#### [Work required]
Everything in the listing must be repeated exactly, apart from the images.

#### [Data segment]
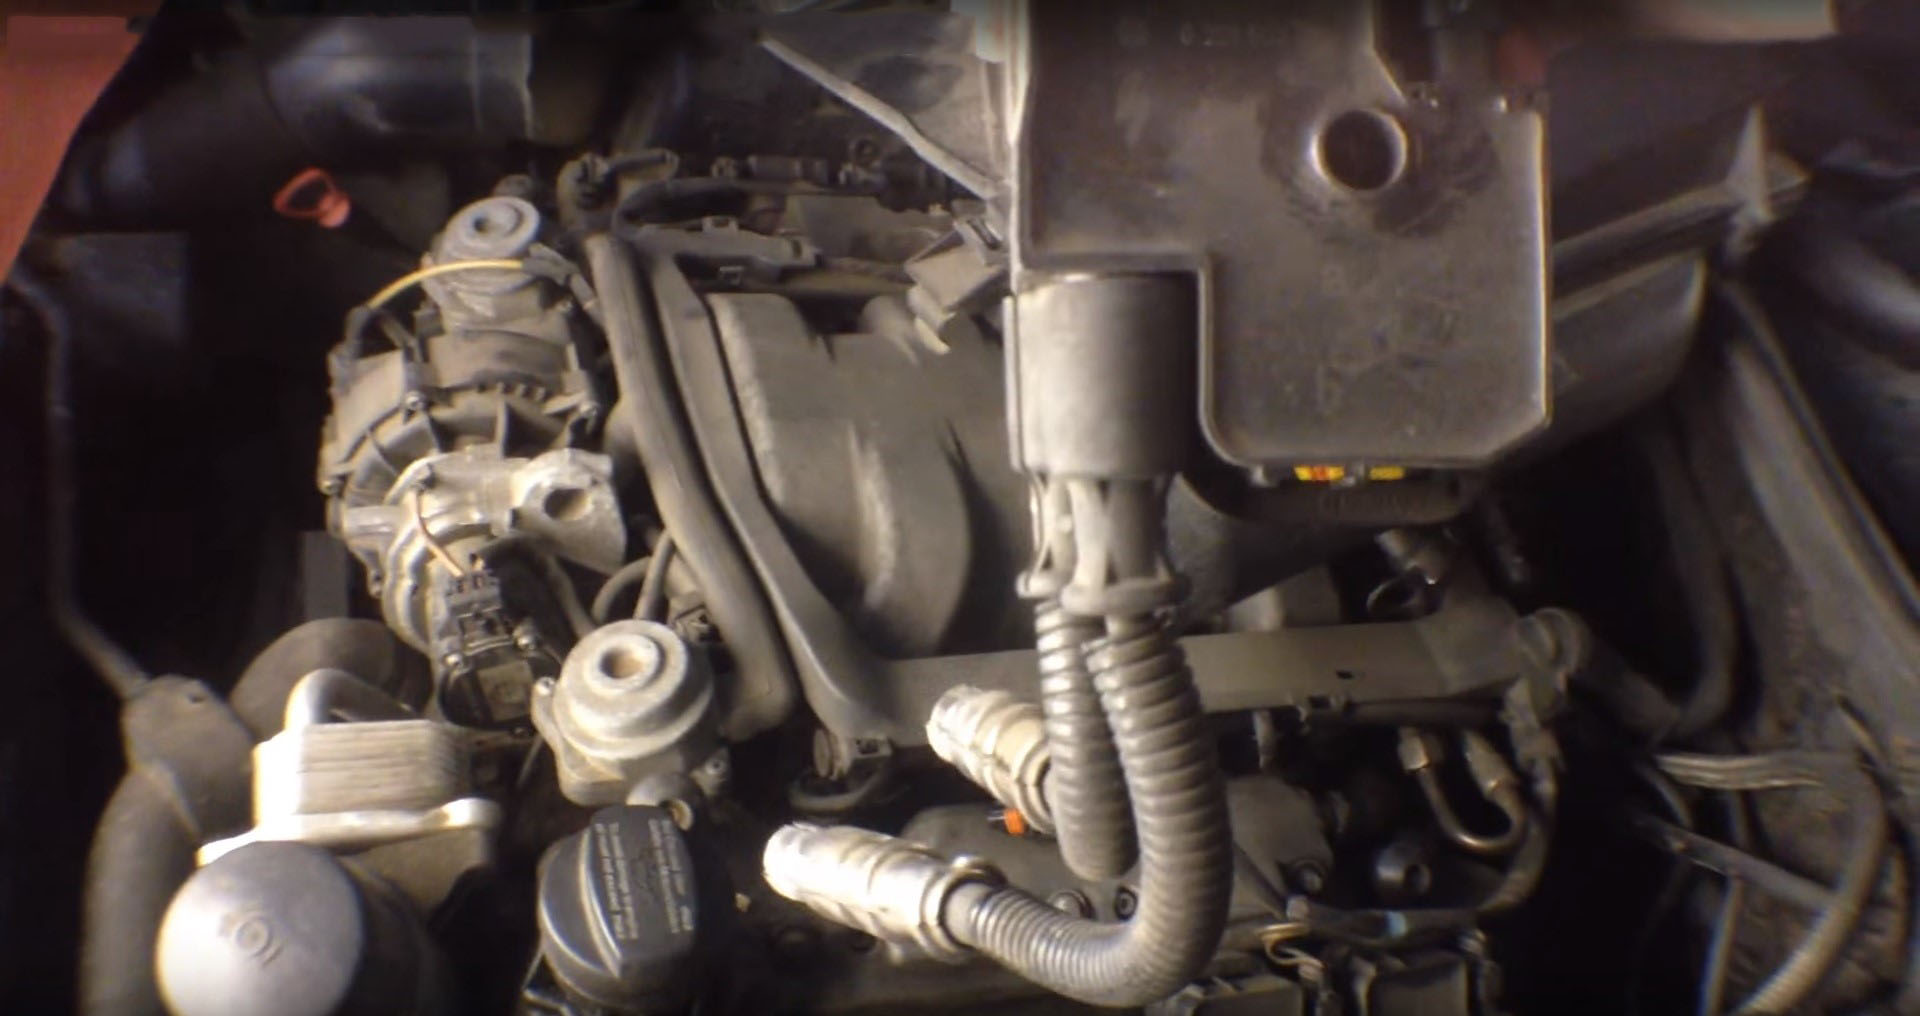 Снятие катушки двигателя Mercedes Benz W203
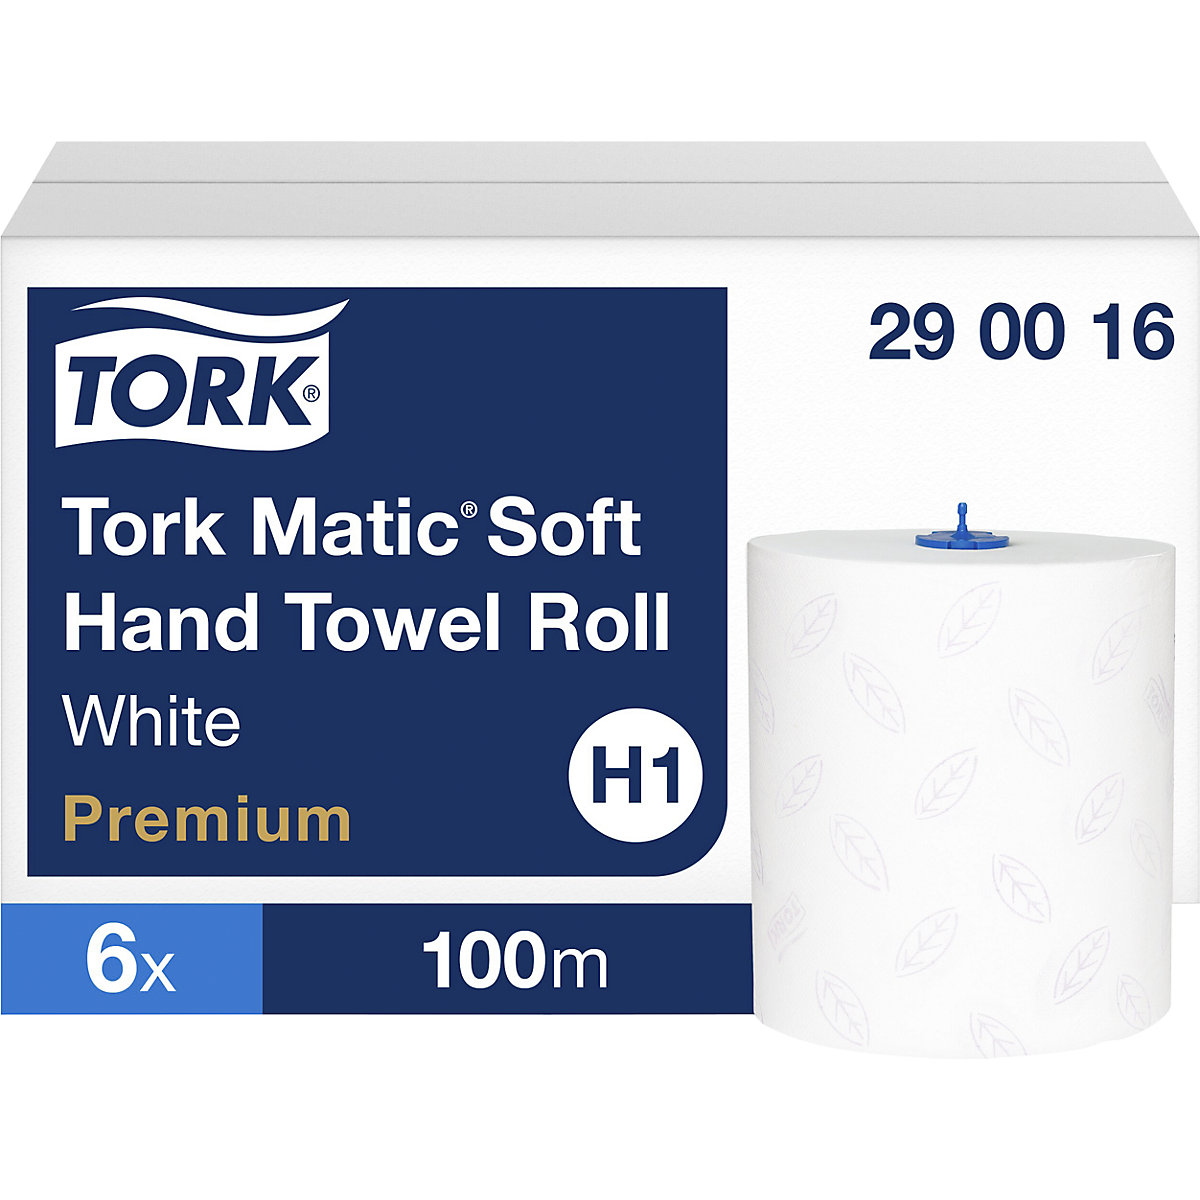 Asciugamani a rotolo Soft Tork Matic® - TORK
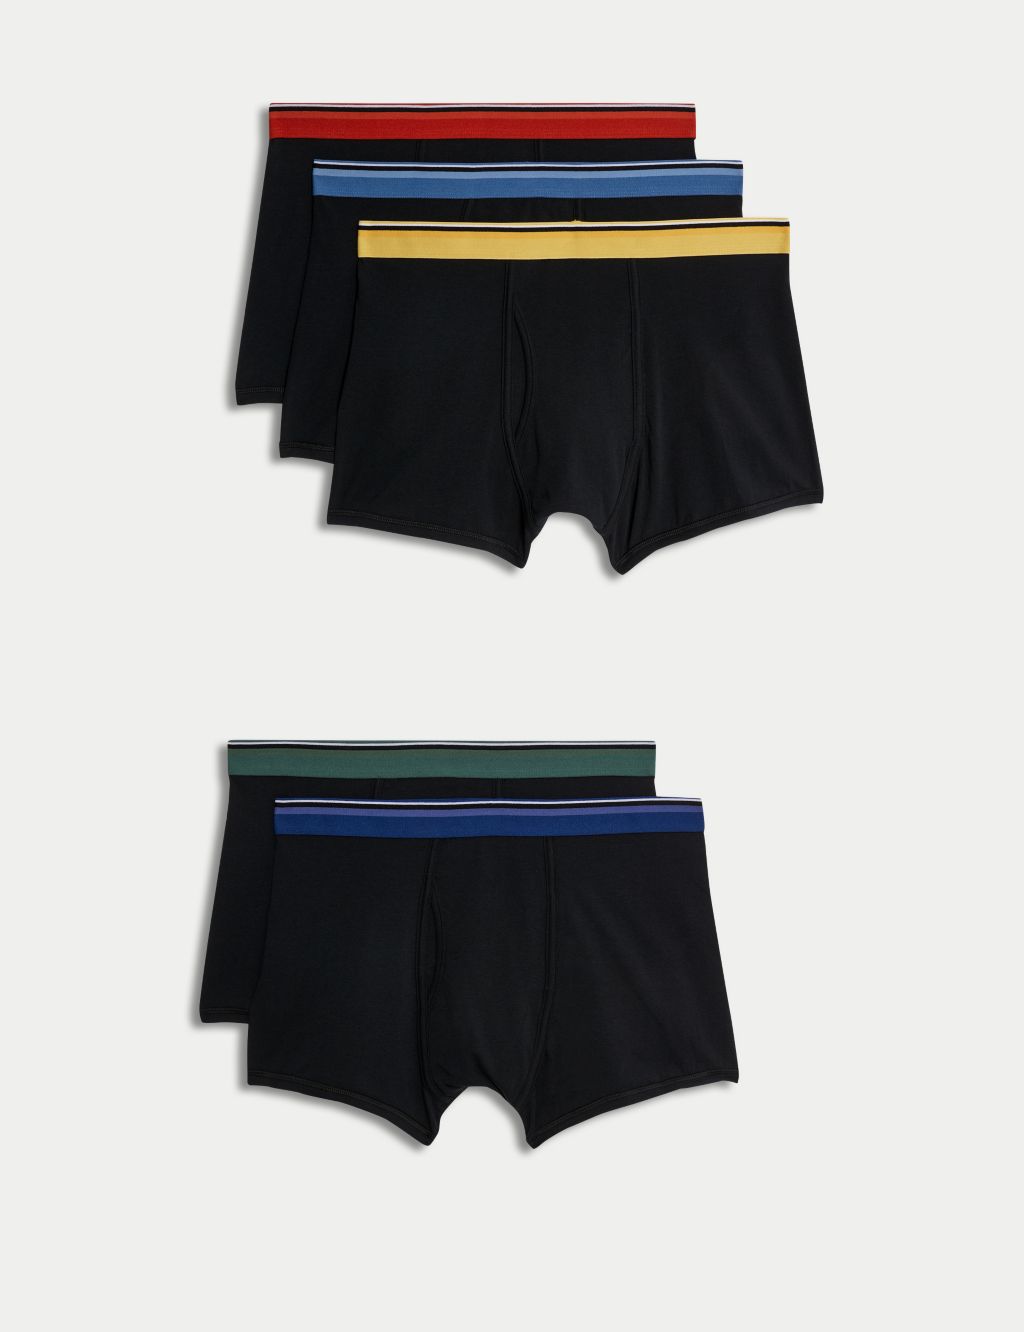 David Jones - Is your underwear drawer in need of an
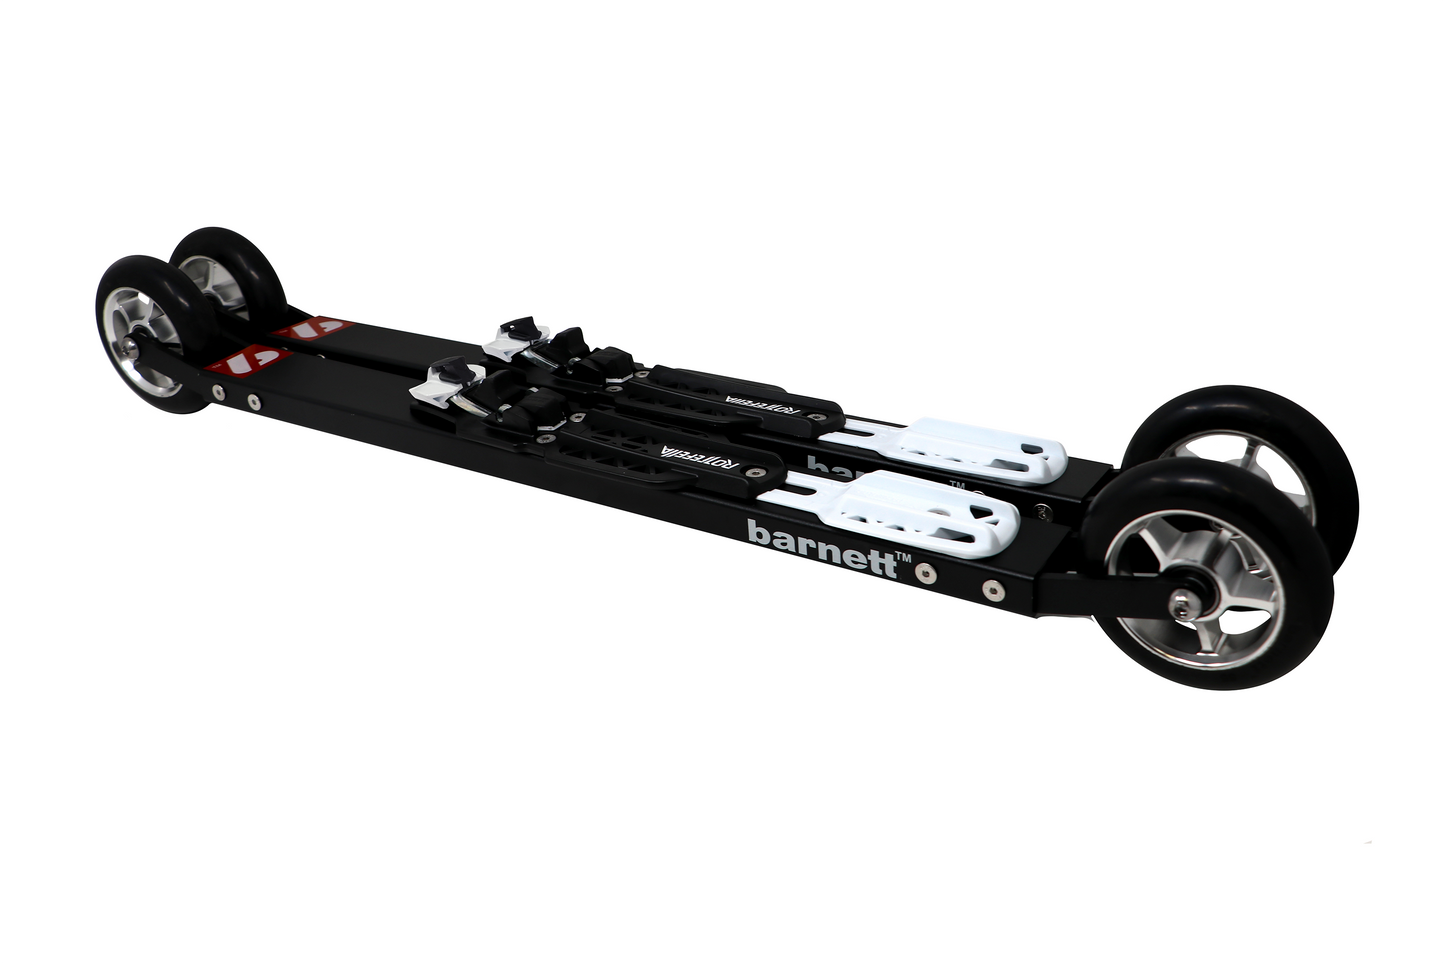 RSE-610 Binding NNN Roller ski, BLACK

#### [Solution for this exercise]
 Снятие катушки двигателя Mercedes Benz W203
 Asciugamani a rotolo Soft Tork Matic® - TORK
 David Jones - Is your underwear drawer in need of an
 RSE-610 Binding NNN Roller ski, BLACK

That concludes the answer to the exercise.